Please repeat, exactly as they stand, the line containing "Impresión de fotos online" and the lines after it through the final line of the listing below, minus pictures.

Data shown:
────────────────────────────────────────
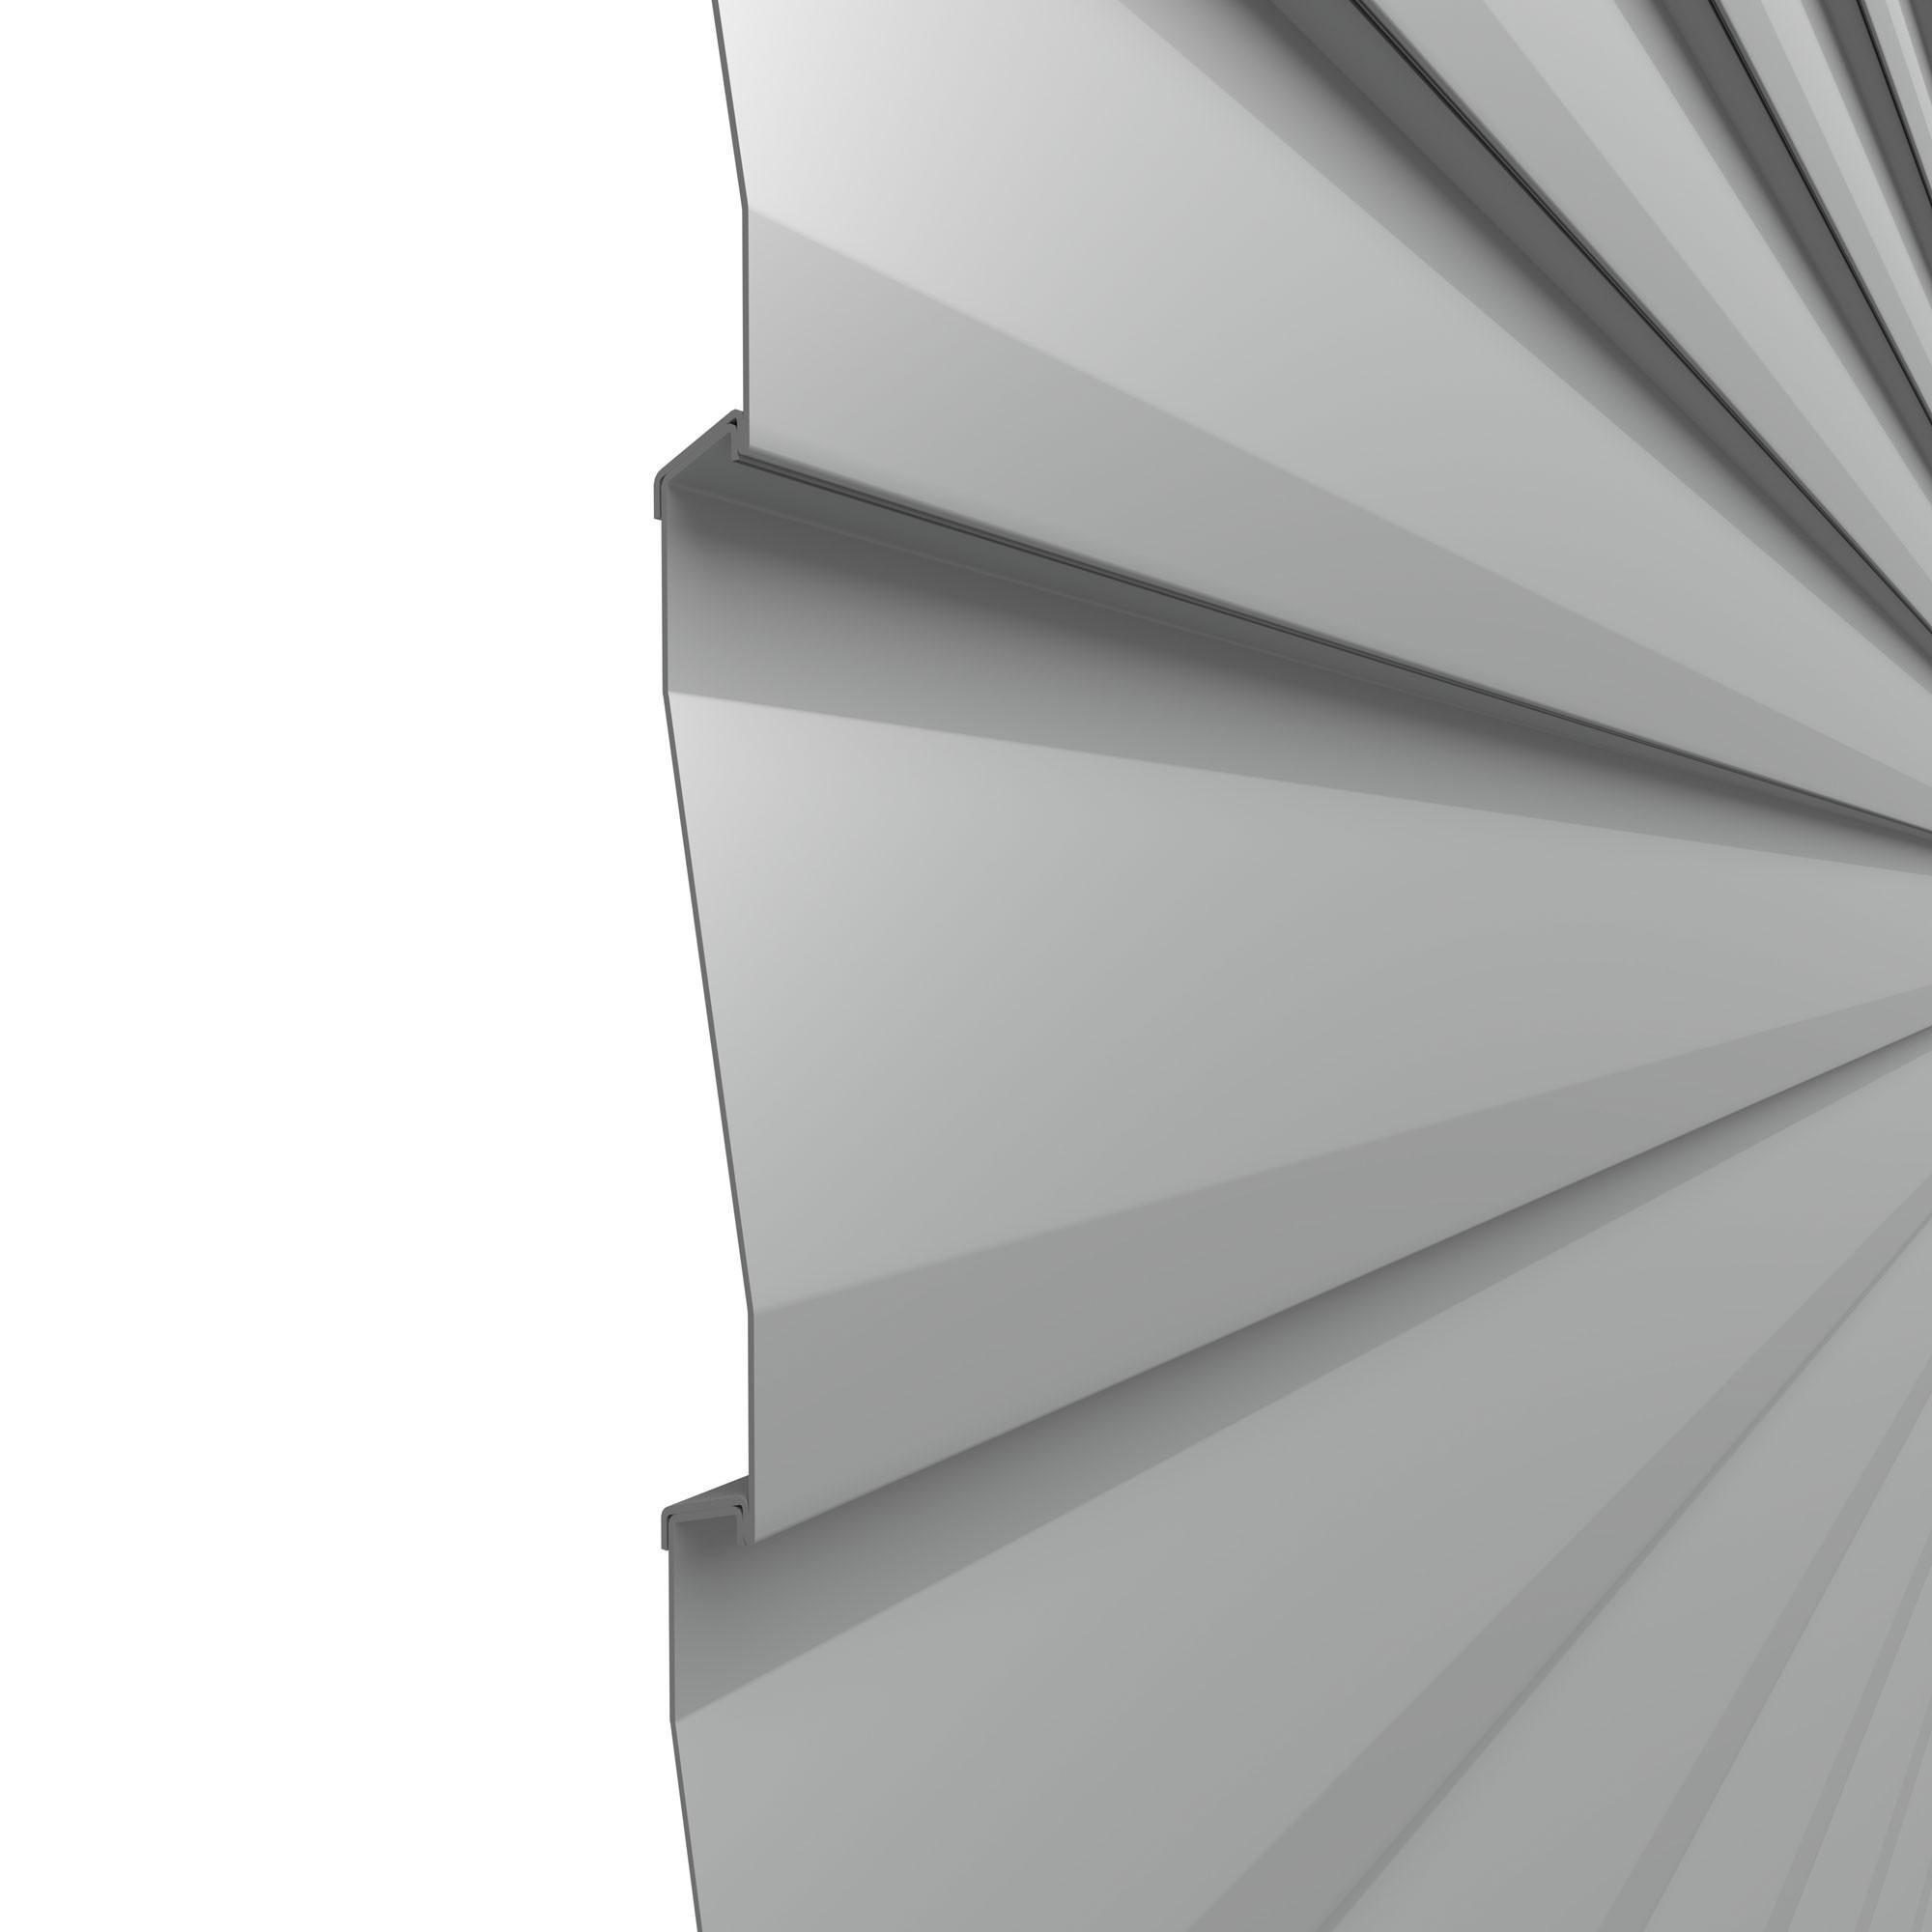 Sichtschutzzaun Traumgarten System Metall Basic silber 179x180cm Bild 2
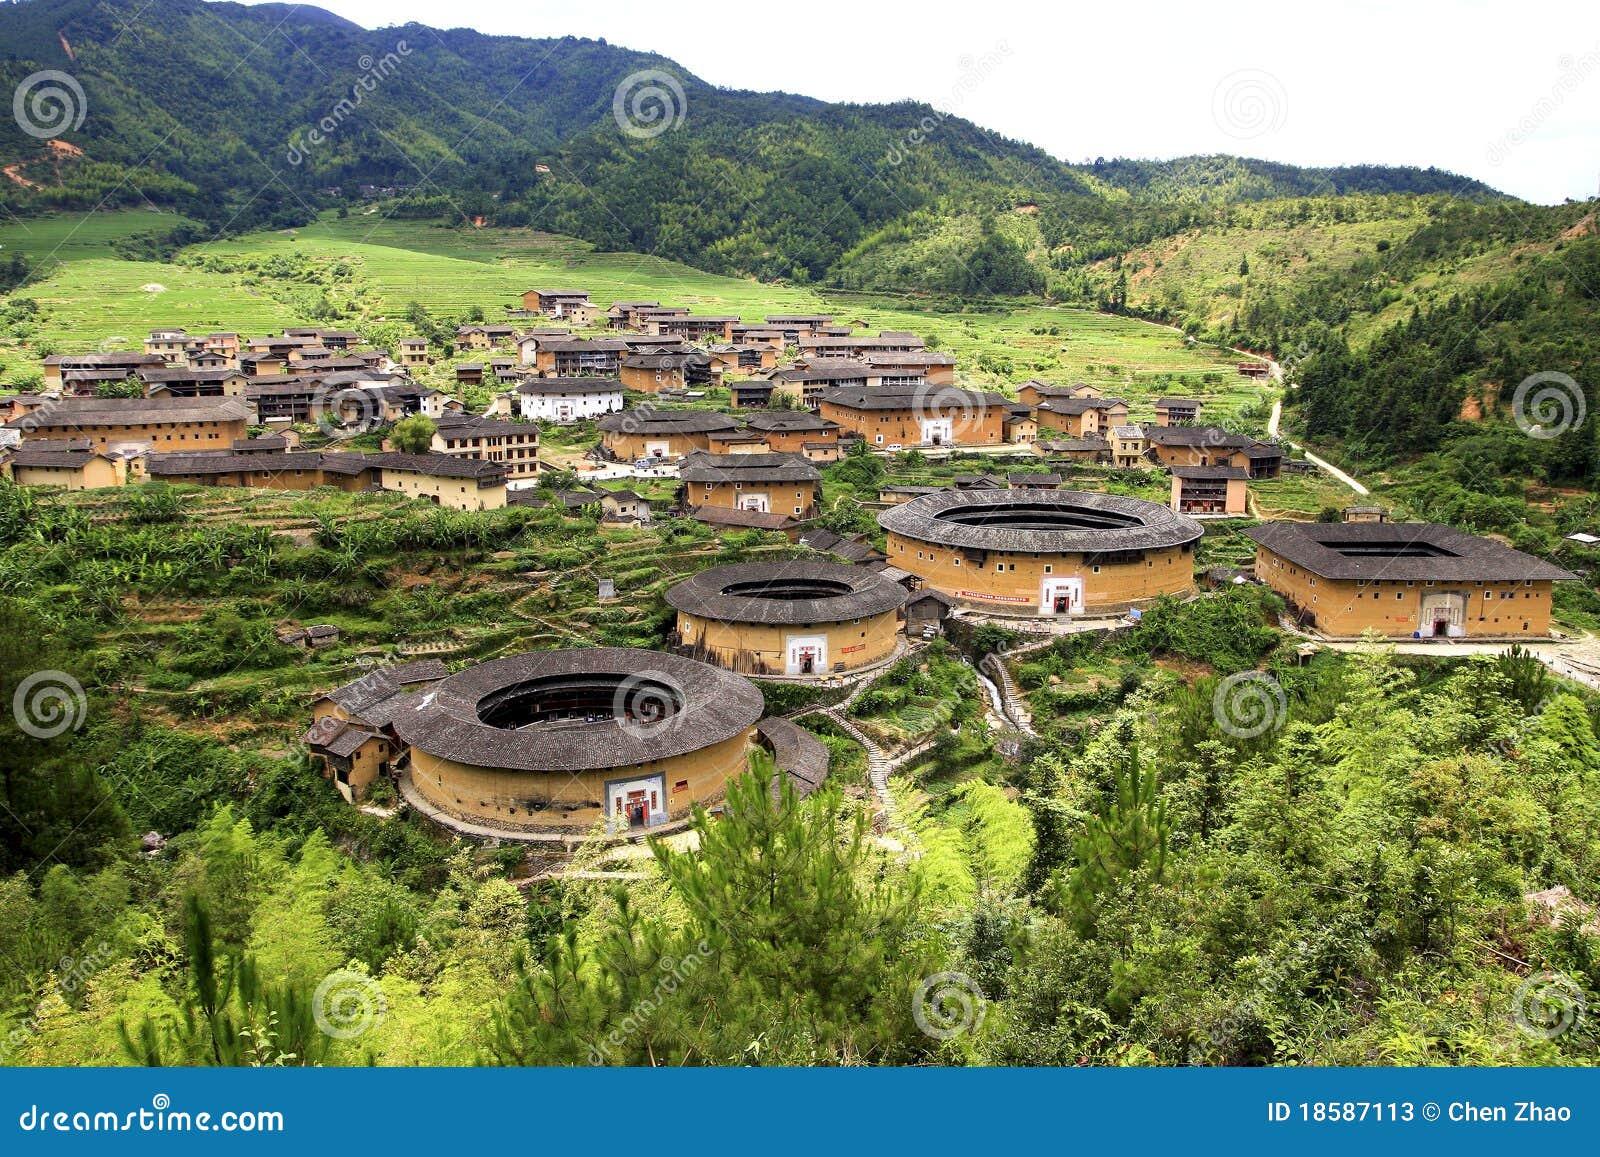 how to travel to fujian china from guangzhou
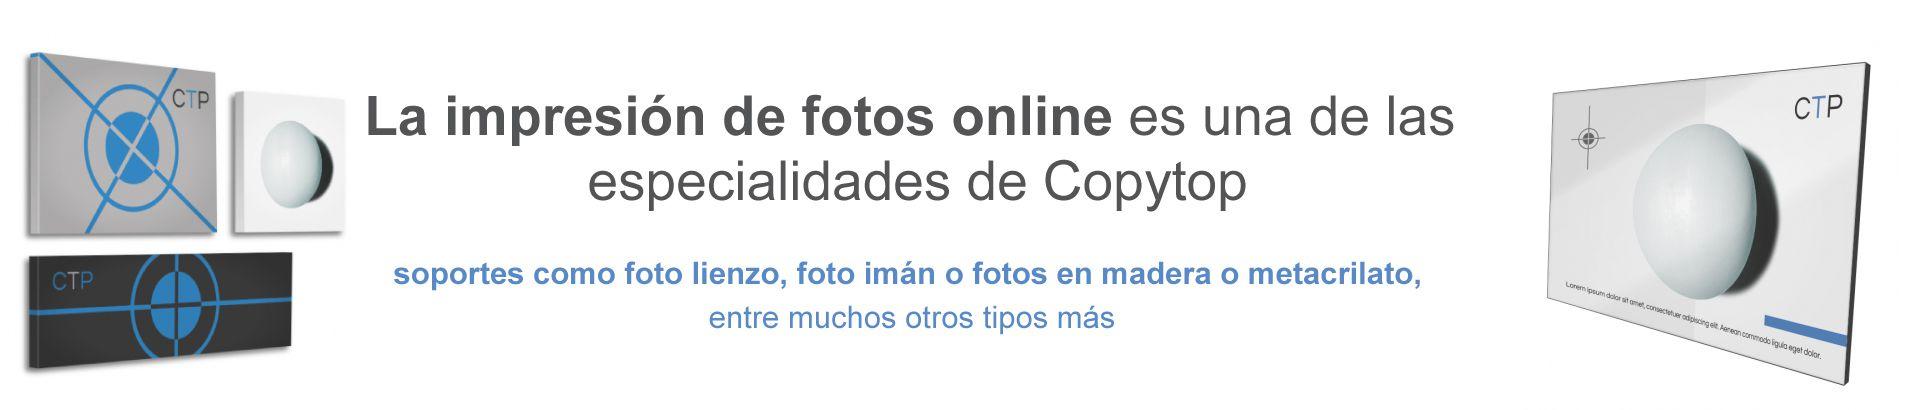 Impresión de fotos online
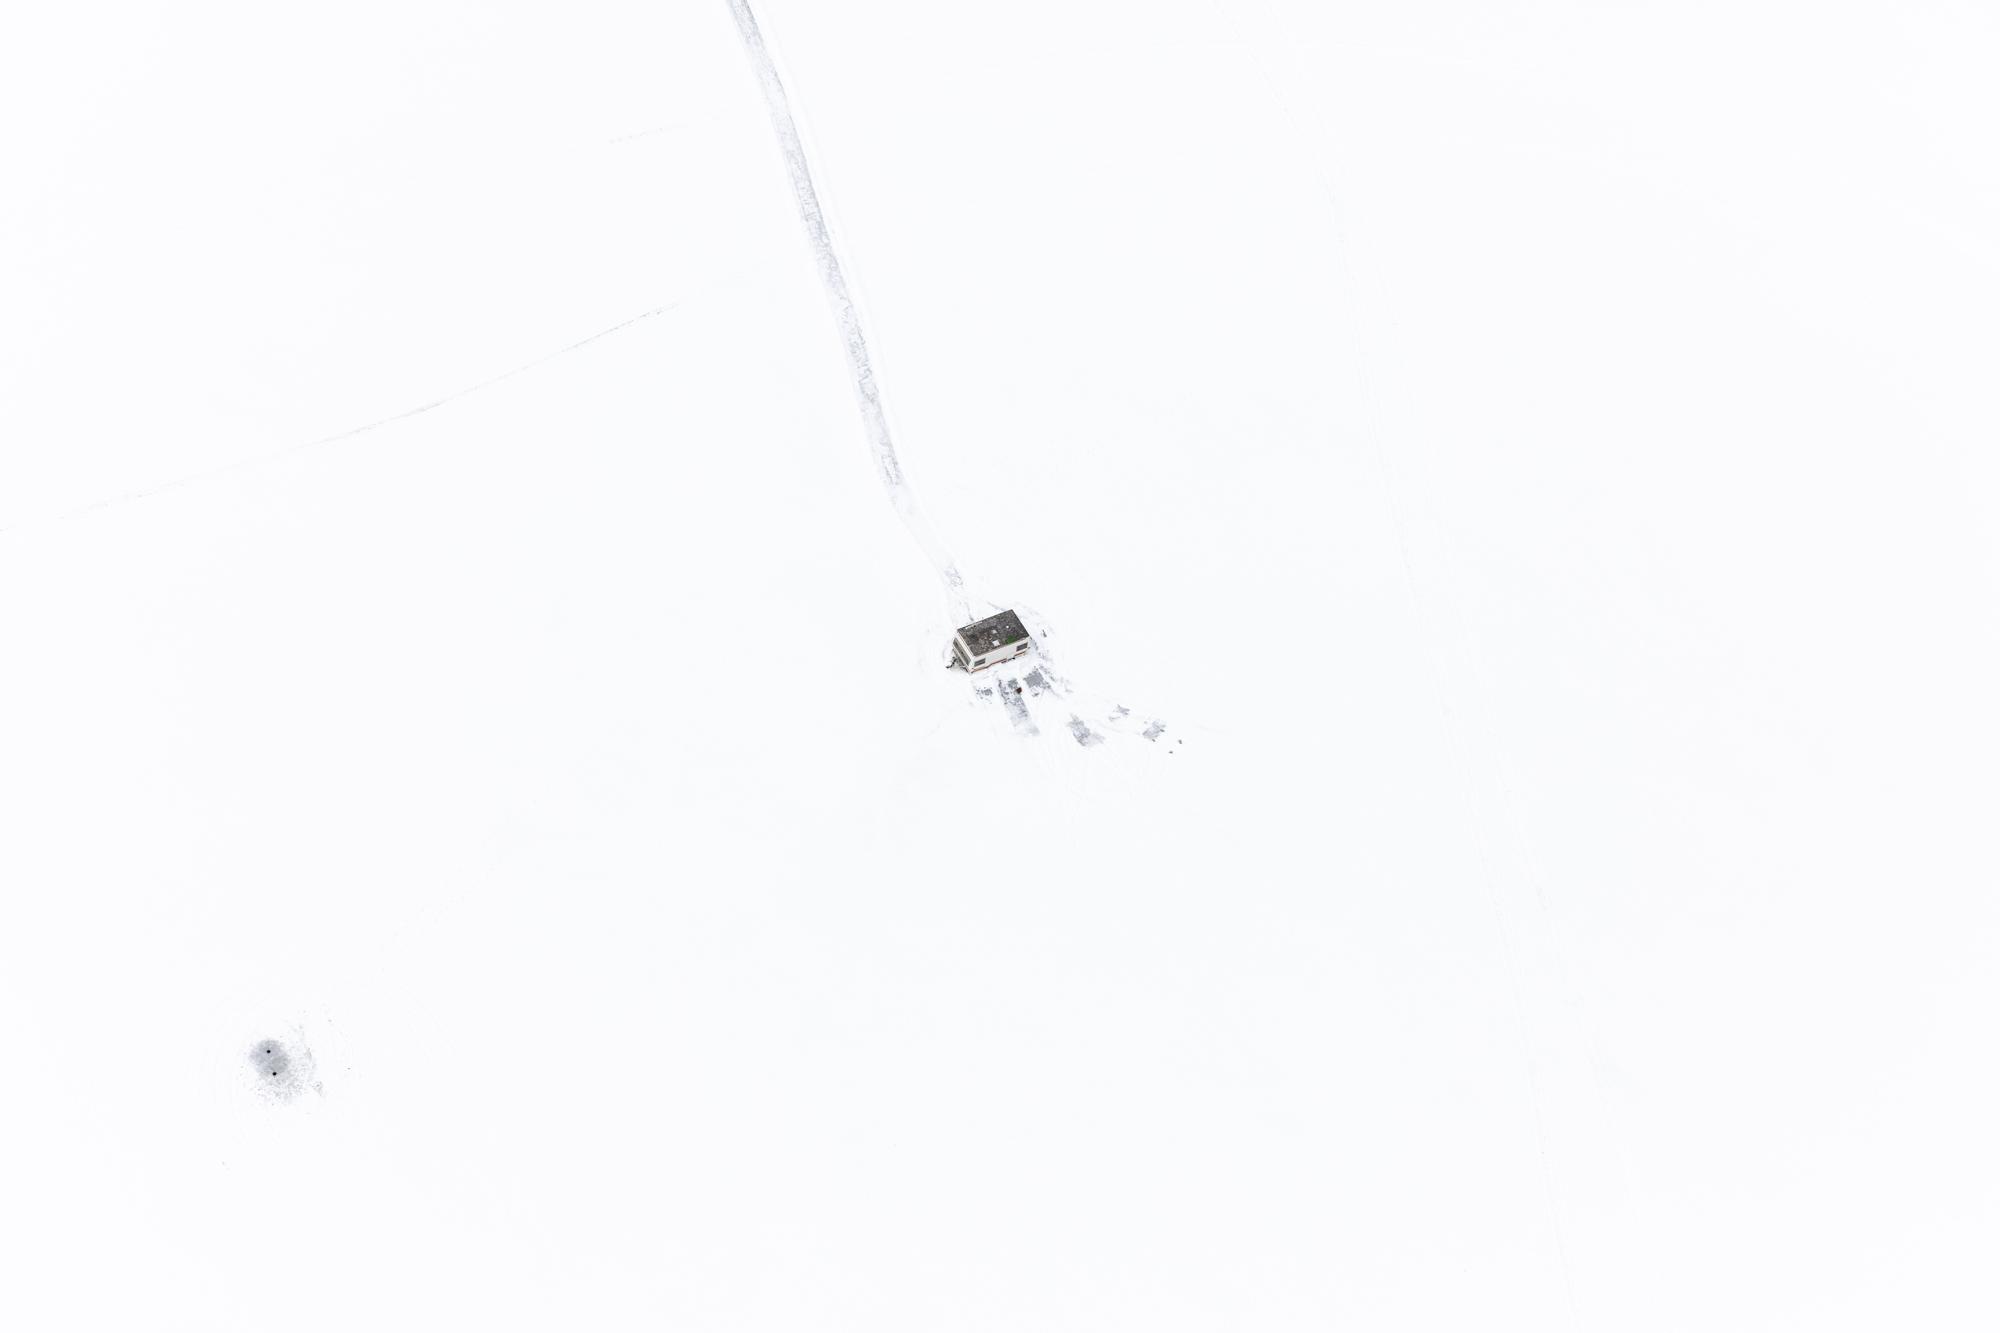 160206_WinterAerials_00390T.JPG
────────────────────────────────────────
Result:
 Impresión de fotos online
 160206_WinterAerials_00390T.JPG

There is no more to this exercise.